Anybody can get money
February 10, 2016
“Welcome to the College Board’s Scholarship Search! Find scholarships, other financial aid and internships from more than 2,200 programs, totaling nearly $6 billion.” Euphoria is born.
Unfortunately, according to the National Association of Student Financial Aid
Administrators (NASFAA), roughly 85% of the money cited in this number is drawn from unused employer tuition benefits, which means that this money is generally unavailable to the generic high school student. ‘$6.6 billion in unclaimed scholarships’ is purely myth.
The remaining money refers to grants and scholarships offered by the government or private organizations. Euphoria dissipates and the general competition of meeting more requirements for need-based and merit-based awards elevates to a higher level.
Students flock apprehensively towards applications for bizarre scholarships such as the $2,500 offer from Duck Tape for “the best duct tape prom outfit,” or Jif’s $25,000 offer to whomever can make the “most creative sandwich.”
Others find a different coping mechanism, which reverts them into the turtle shell of doubt at the vision of any financial aid opportunities open before them. College adviser, Michael Daniel said about the intrinsic battle students often stress during scholarship applications,“They [think], ‘oh, I should apply for this scholarship, but this other person who is smarter than me is applying, too. So I won’t get it.’”
Daniel clears the air concerning this general insecurity, and provides advice in overcoming it. “Come talk to me,” he says, “apply for as many scholarships as you can, you never know what kind you are going to get.”
Also, major misconceptions revolve around the idea that scholarships are aimed towards racial minorities or extreme-achieving academics, and are thusly unavailable to ‘the average white male.’ According to an analysis done by finaid.org, 6.2% of all recipients of all private scholarships are Caucasian, and the real total of minorities receiving private scholarships are at 4.4%.

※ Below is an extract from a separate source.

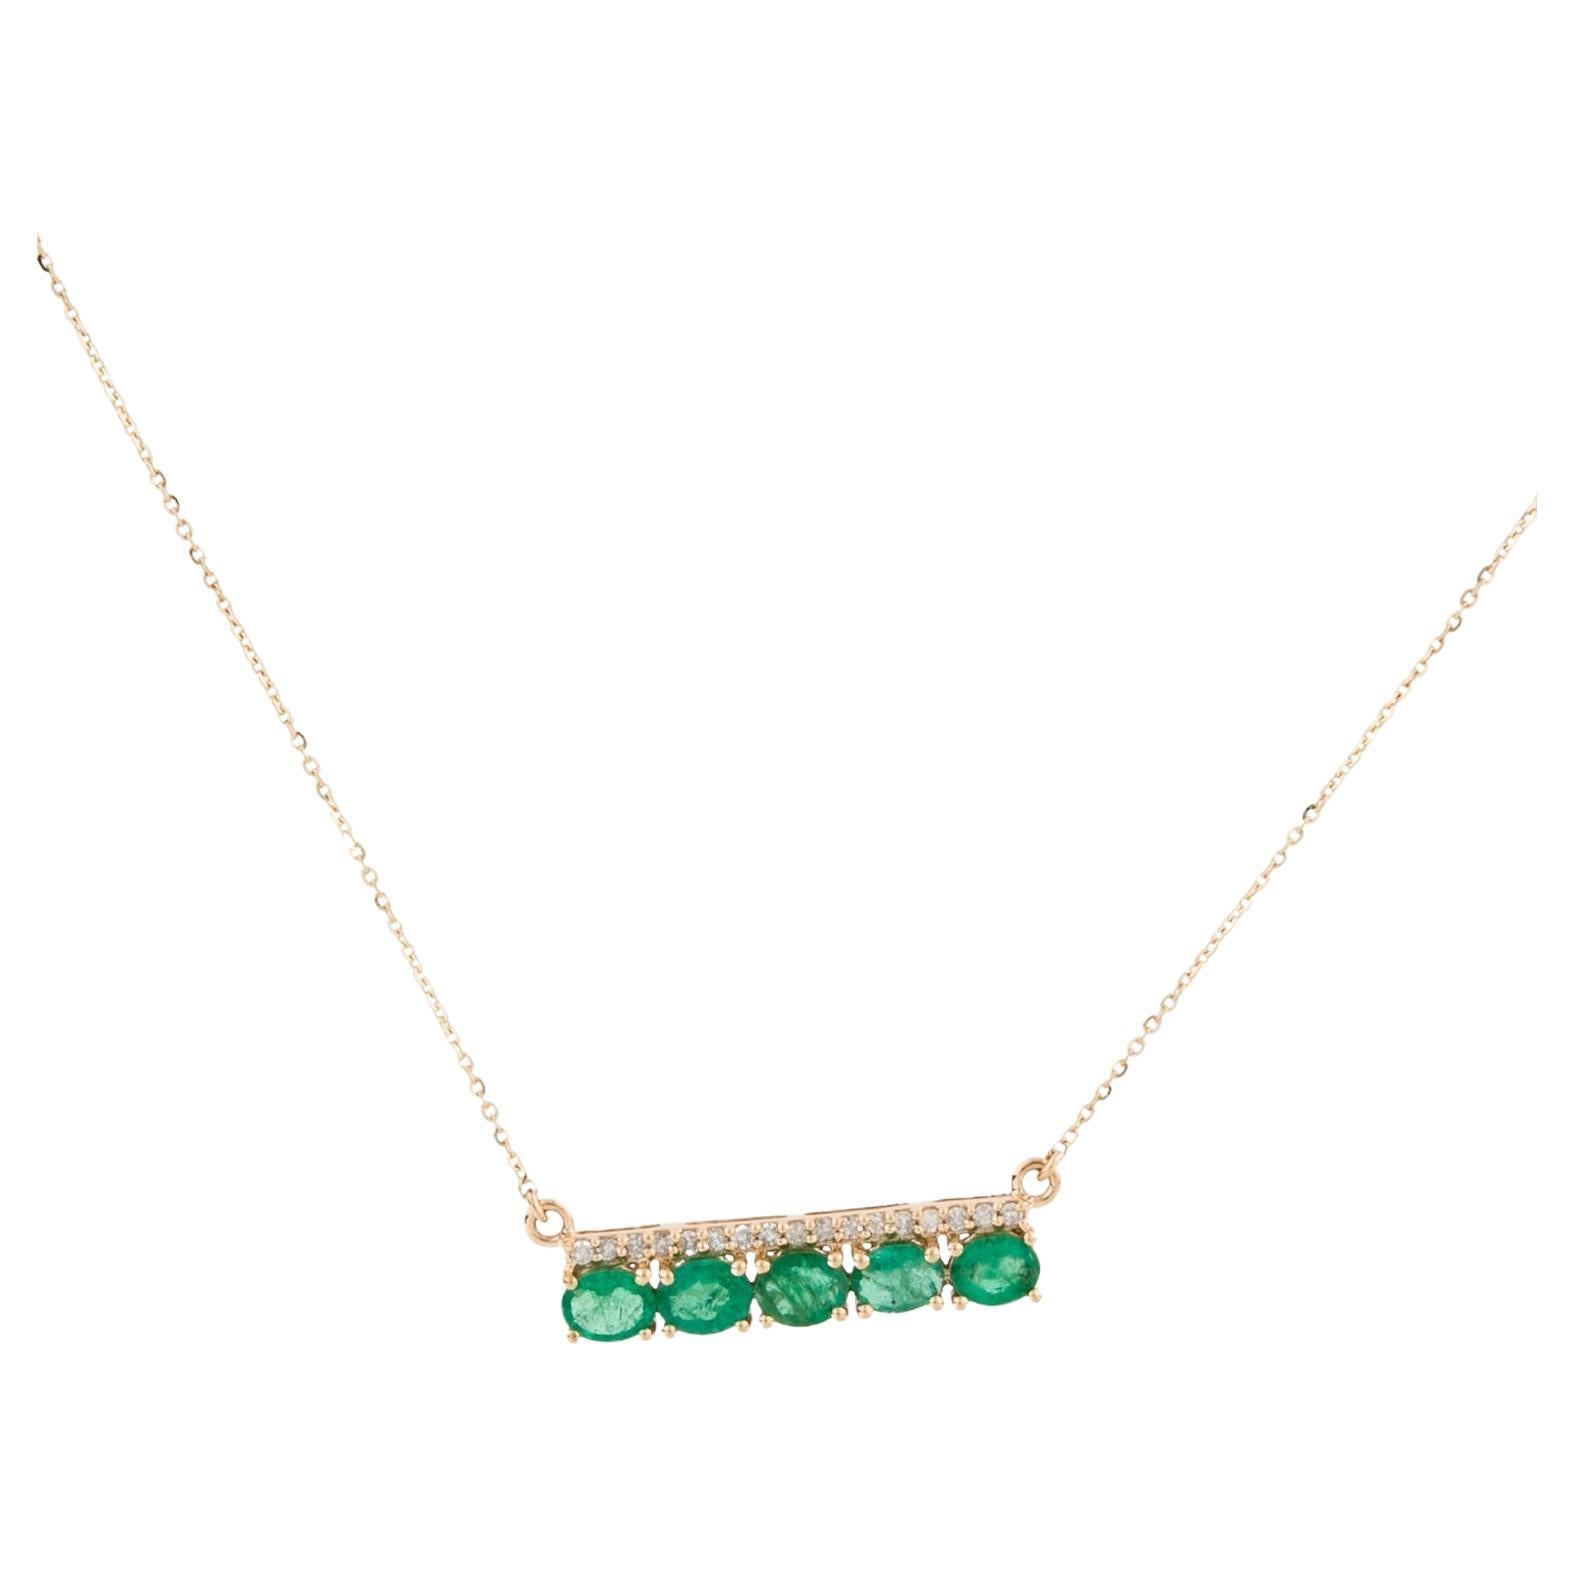 14K Emerald & Diamond Bar Pendant Necklace - Exquisite Gemstone Statement Piece

The scholarship game is still just as open as always, just not in the way previously conceived. Reality might not genuinely entail $7 billion dollars waiting for anyone to jump into like a ball-pit at Chuck E. Cheese’s, but the more one wills oneself to treat it as a search instead of a game, the more rewarding the prize.
An avid scholarship applicant herself, senior Vicky Nguyen explains the system behind a process of successful application, “[When] I see a scholarship I am interested in, I write it down,” she said. “I find the due date, I put them in a list, and whatever is due first, or which ever takes longer, I do first.” Nguyen then plays the waiting game, most results and acceptances arrive in March.